Some critics saw a political agenda among the society’s members who helped disclose President Clinton’s indiscretions.

His personal escapades, which polarized politics as perhaps never before, probably did more for the Federalist Society’s growth than even their hero, Ronald Reagan.

News reports said active members helped Paula Jones bring her lawsuit and made sure that Linda Tripp’s secret tapes of Monica Lewinsky came into the possession of independent counsel Kenneth Starr.

Questions about the anti-Clinton crusade nearly scuttled the nomination of one of the group’s most influential leaders, Theodore Olson, for solicitor general. Democrats dug in their heels to stop him after allegations arose that he had failed to disclose the extent of his involvement in the Clinton investigations.

But they declined to stop Republicans from rushing a vote on the Senate floor for Olson after the Jeffords defection, apparently preferring to put their efforts into scrutinizing judicial nominees.

The prominent roles in government now played by Olson and other Federalist Society members is testament to the group’s increased influence in the conservative movement.

The Federalist Society has become “the legal intelligentsia for the Republican party,” says Jamin Ben Raskin, a professor at the American University Washington College of Law.

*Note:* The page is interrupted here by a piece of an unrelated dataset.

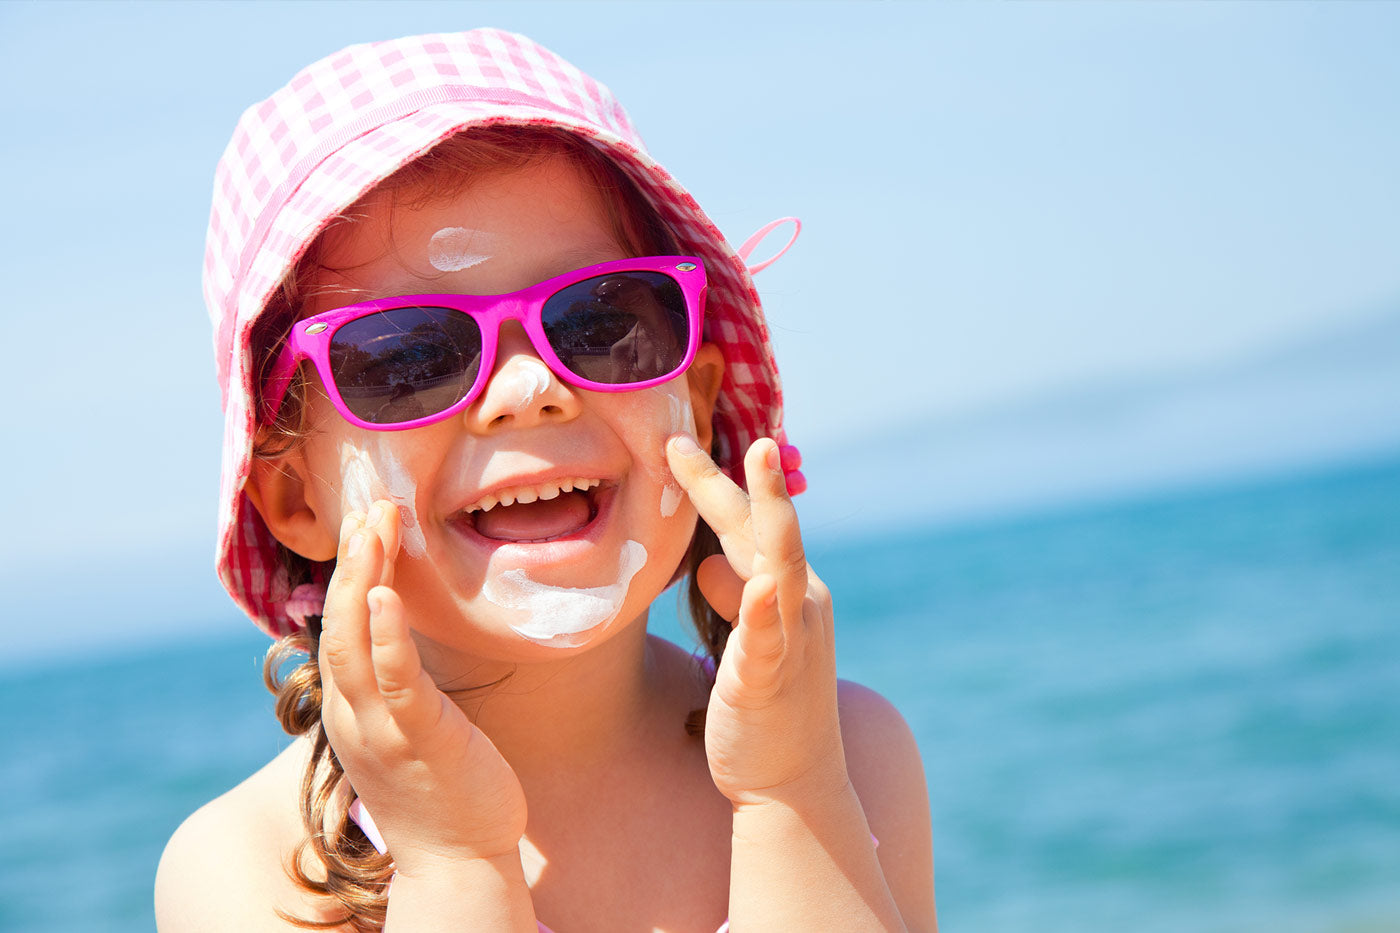 Child using sunscreen

“Liberals do well in issuing broad-minded statements of principle,” Raskin says, “but the conservatives know how to organize in military style and get the job done.”


In the Beginning

The law students who founded the first Federalist Society chapters at Yale Law School and the University of Chicago Law School in 1982 had been undergraduates together at Yale-Steven Calabresi, David McIntosh and Lee Liberman Otis. Soon afterward they were joined by Harvard law student Spencer Abraham, who had started the conservative Harvard Journal of Law and Public Policy, and a Harvard chapter was created.

They did not envision a nationwide network of conservative lawyers who would push policy and law to the right. They just wanted to hang out with kindred spirits and speak openly about conservative ideas.

Abraham later became a U.S. senator from Michigan and recently was named energy secretary. Calabresi would go on to clerk for Robert Bork and Antonin Scalia on the U.S. Court of Appeals for the District of Columbia Circuit, and then worked in both the White House and the Justice Department in the Reagan and Bush administrations from 1985-90. McIntosh became a special assistant to Attorney General Edwin Meese and to President Reagan. He was a three-term congressman from Indiana and failed in his gubernatorial bid last fall.

Otis became an assistant attorney general in the Meese Justice Department, then clerked for Scalia at the Supreme Court. She was then-Sen. Abraham’s chief counsel on the Senate Judiciary Committee and now is his No. 2 person at the Energy Department.

While law students starting the Federalist Society, they attracted the attention of neo-conservatives William Simon and Irving Kristol, who gave them a $25,000 grant for a national symposium in their first year. That seed money, and the organization, grew and grew.


"The In Crowd," September, 2001, should have identified 1980 as the year of Ronald Reagan's landslide election victory. The Journal regrets the error.